Over the past week, the Los Angeles County Sheriff’s Department has resumed evictions ordered before March when the lockdowns began, local media have reported.

In the city’s Chinatown neighborhood on Monday, a small group of protesters including Carrillo rallied and marched on City Hall, demanding answers.

“Cancel rent!” “Housing is a human right!” community organizer Annie Shaw yelled into a megaphone.

“We demand strong measures like canceling rents,” Shaw said. “Canceling rent will protect the community.”

Los Angeles has the sixth-highest rents in the country, according to a ranking by the real estate site Zumper, trailing behind cities like San Francisco and New York.

“It’s been so hard for me to make rent during the pandemic,” said Rosa Hernandez, who also attended Monday’s rally.

“I am an independent cleaner, and used to make $700 a week. Now I make only $100 to $200 a week. If there is food on the table, there is no extra money for rent.”

– ‘We are not going to pay’ – Demonstrations and “rent strikes” by the “Cancel Rent” movement have been staged in various cities across the country since the start of the virus epidemic, which has so far left more than 164,000 Americans dead.

“We are not going to pay,” said Lydia Nicholson, an organizer of the LA Tenants Union.

“I don’t think it’s going to be pretty at all for anyone if they make us do something that we just obviously can’t do.”

Los Angeles prosecutors have said large-scale rent forgiveness is out of the question, and would cost the city more than $1 billion in compensation to landlords, according to a memo seen by the Los Angeles Times.
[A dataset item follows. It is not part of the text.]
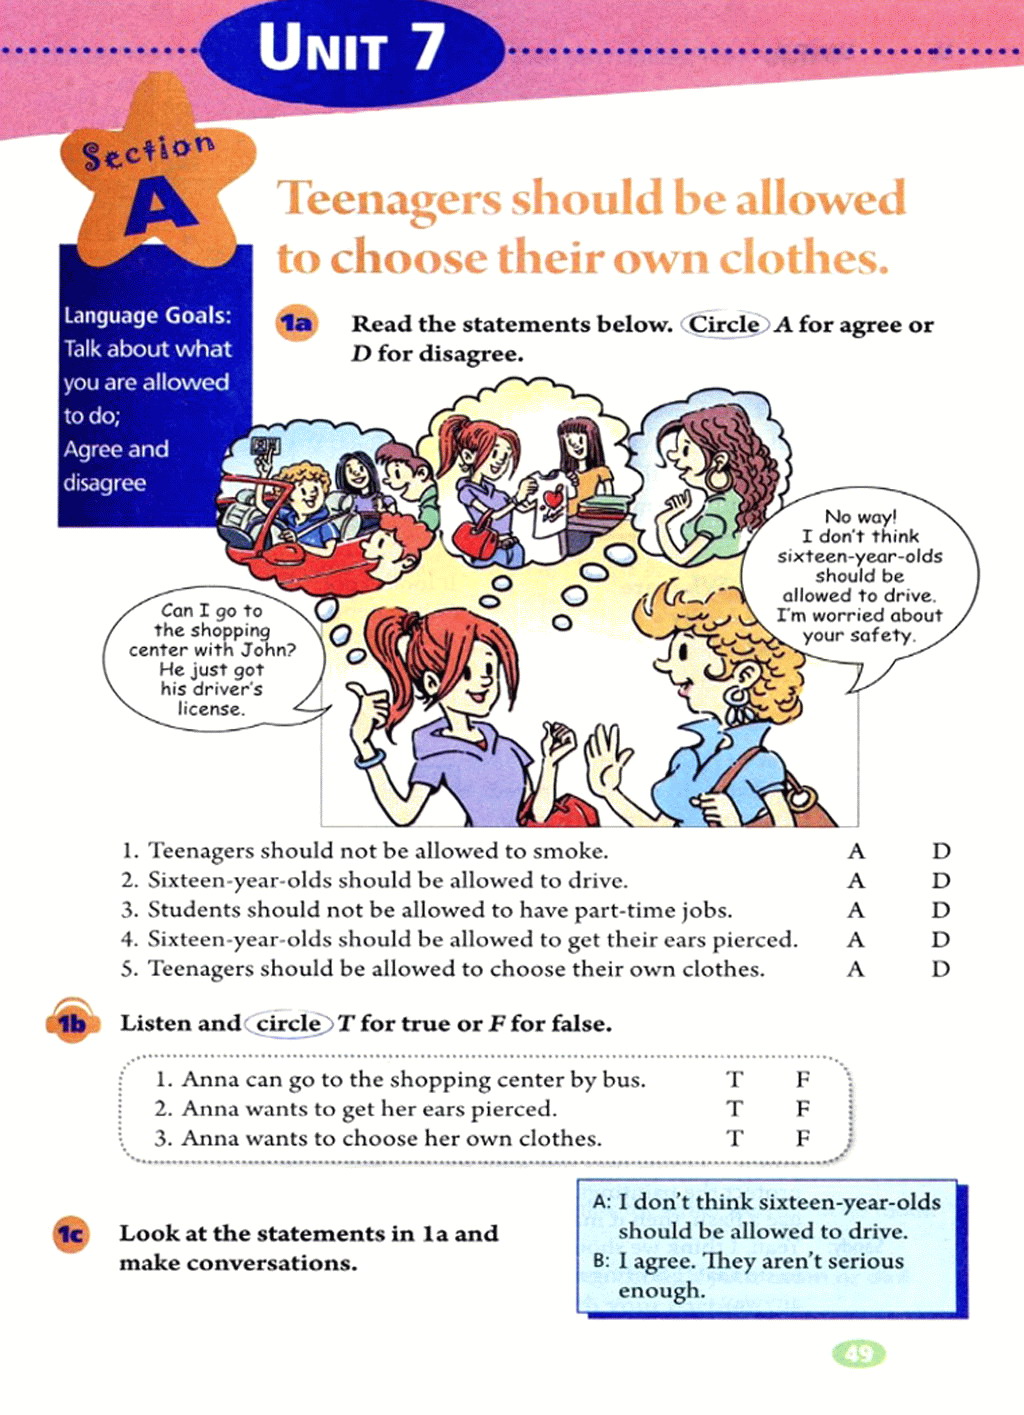 部编版九年级英语全册Unit 7 Teenagers should be allowed to choose their own cloth第0页

Mayor Eric Garcetti’s office did not respond to an AFP request for comment for this story.

For their part, landlords say freezing rents would not only affect the upkeep of their properties but would also impact the payment of taxes, which are key to the city budget, as well as mortgages.

Suspending rent payments is “just shifting the debt up the food chain,” said Jay Martin, director of a group that represents owners of rent-controlled properties in New York.
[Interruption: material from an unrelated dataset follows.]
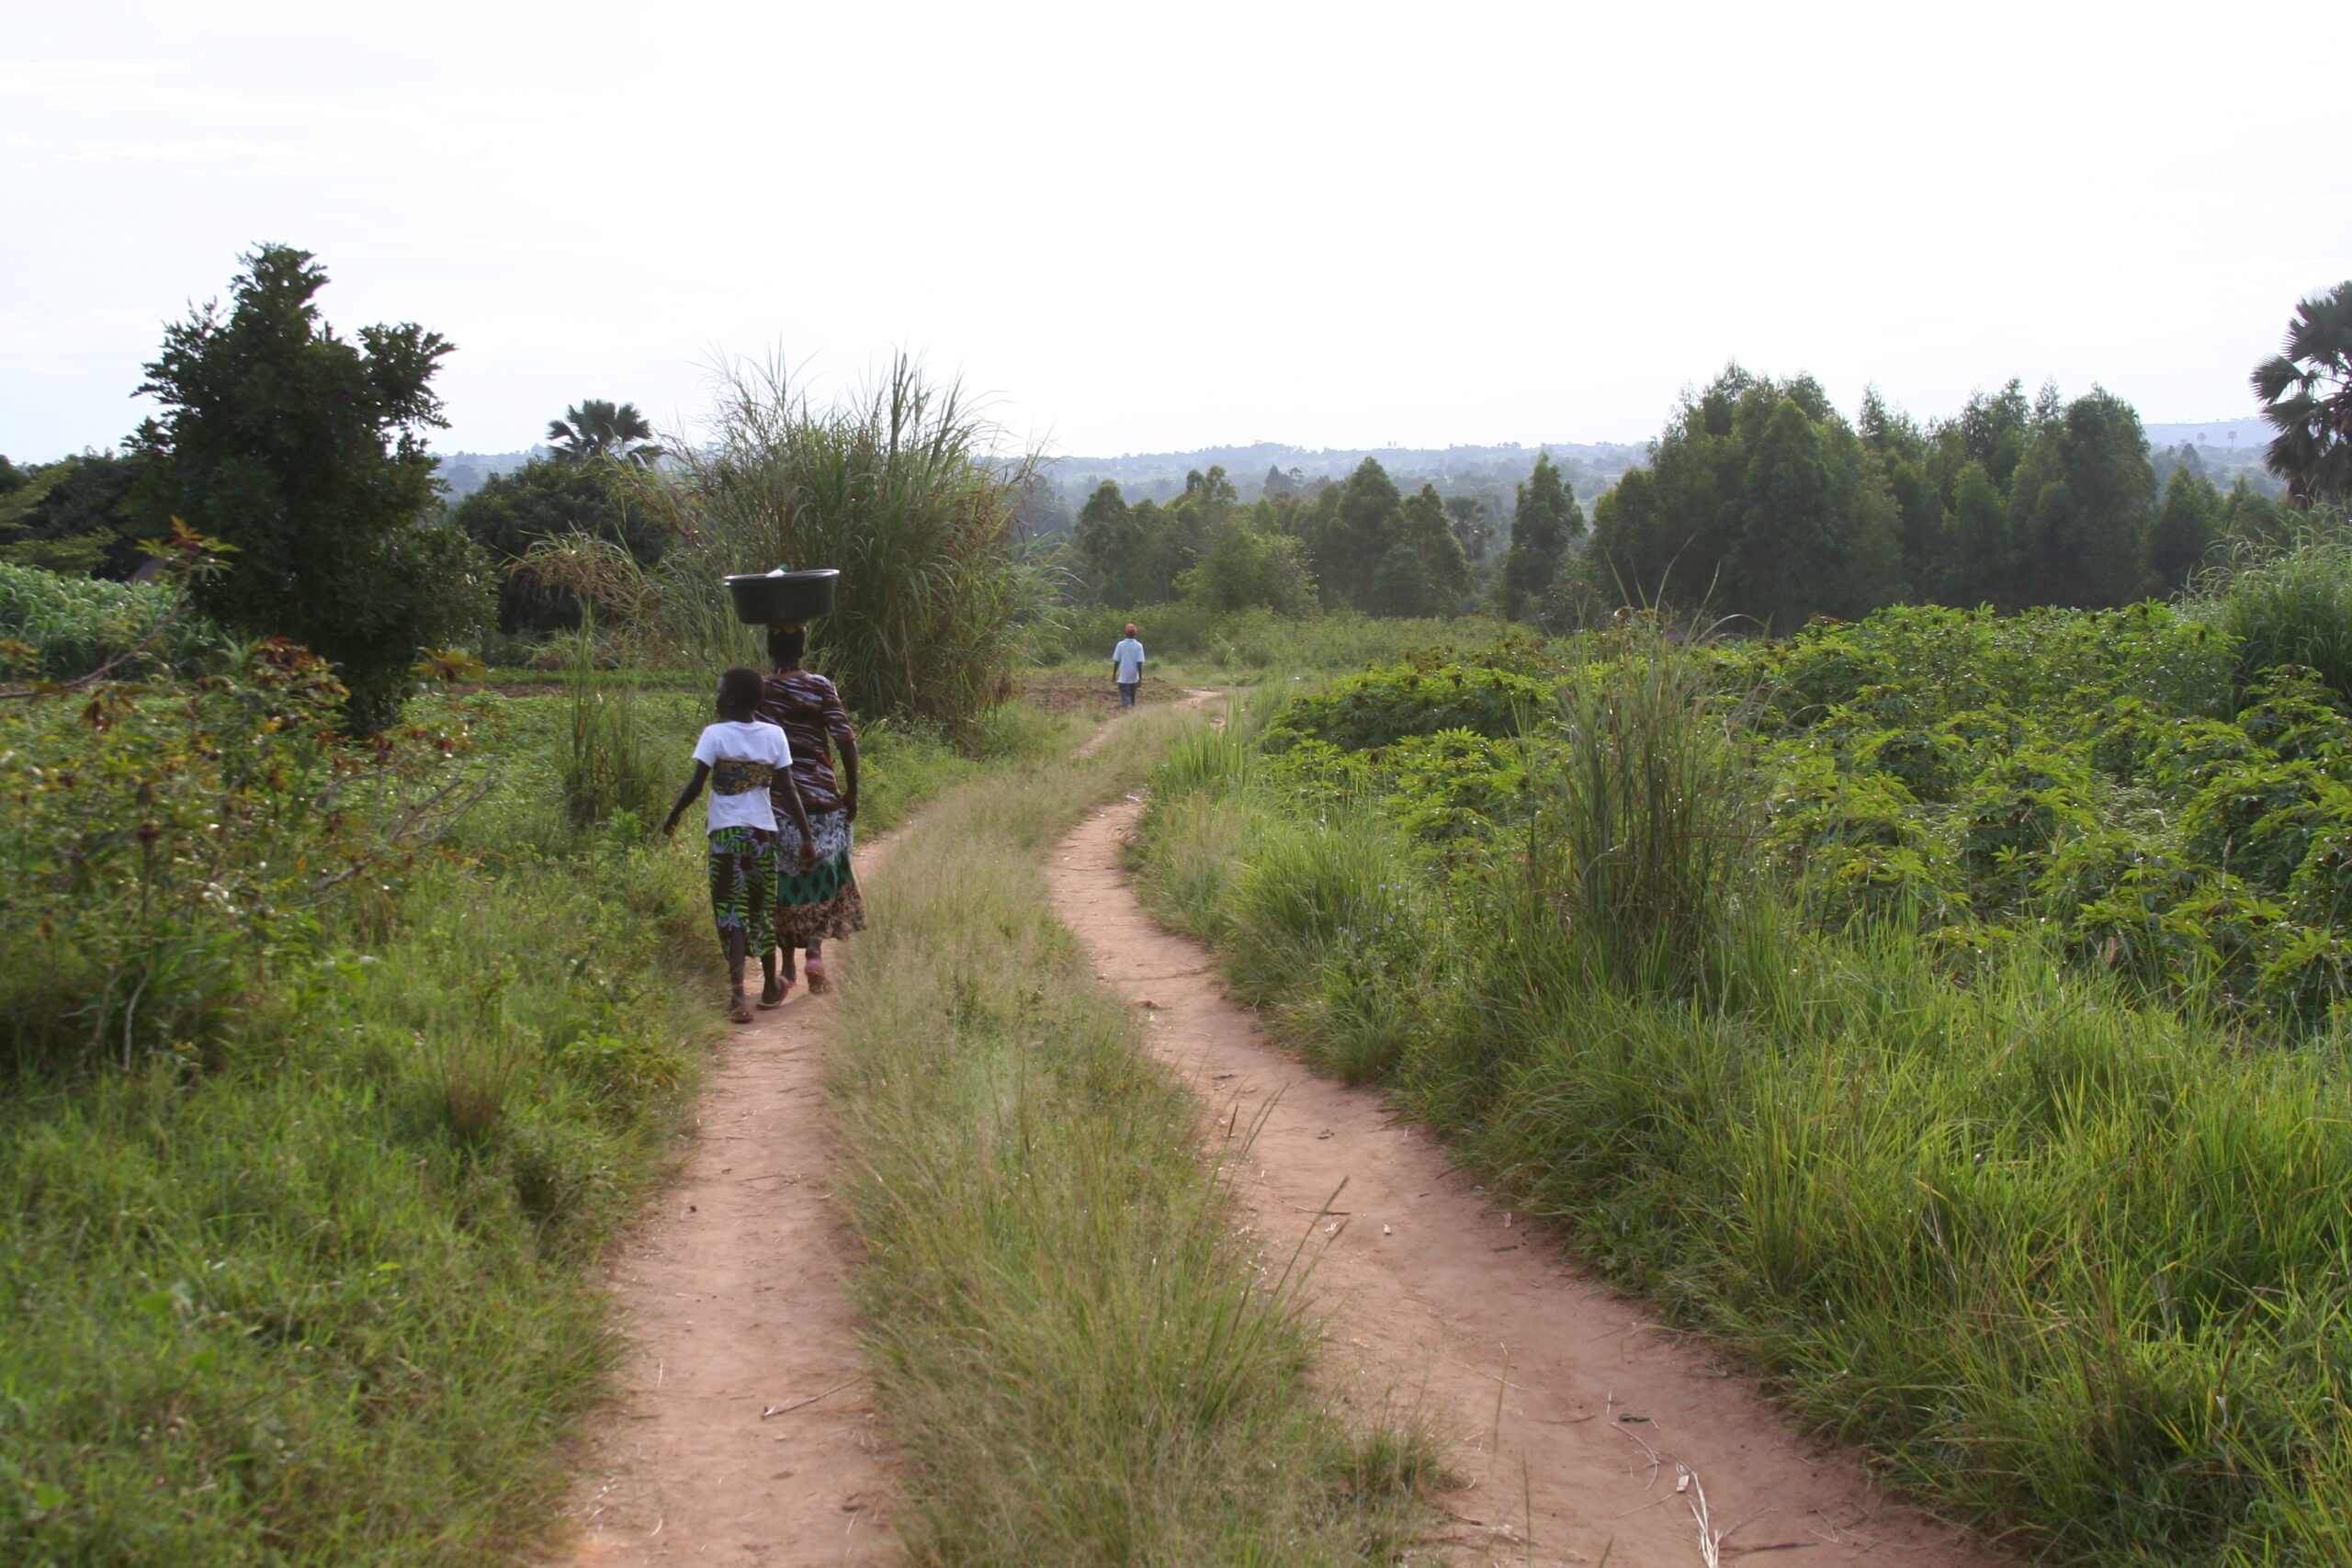 People walk along a dirt road in the Ndrulo area of Uganda

He said that many landlords “are working with [tenants], they are forgiving parts of the rent.”

“A tenant that can pay partial rent is better than a tenant who can pay no rent,” Martin said.

But the situation only appears set to get worse as federal supplementary support of $600 a week for the unemployed has now expired.

“I’ll have to go sleep under a bridge,” said Joaquin Gutierrez, 63 who has been out of work since February.

Gutierrez had been planning on returning to his native El Salvador when the coronavirus broke out and left him stranded in the United States.

Now, he does not have money to buy food, much less the $500 needed to pay the rent on his room in LA’s Van Nuys neighborhood.

“The only solution is for me to leave,” Gutierrez said, calling on the government of El Salvador to repatriate him.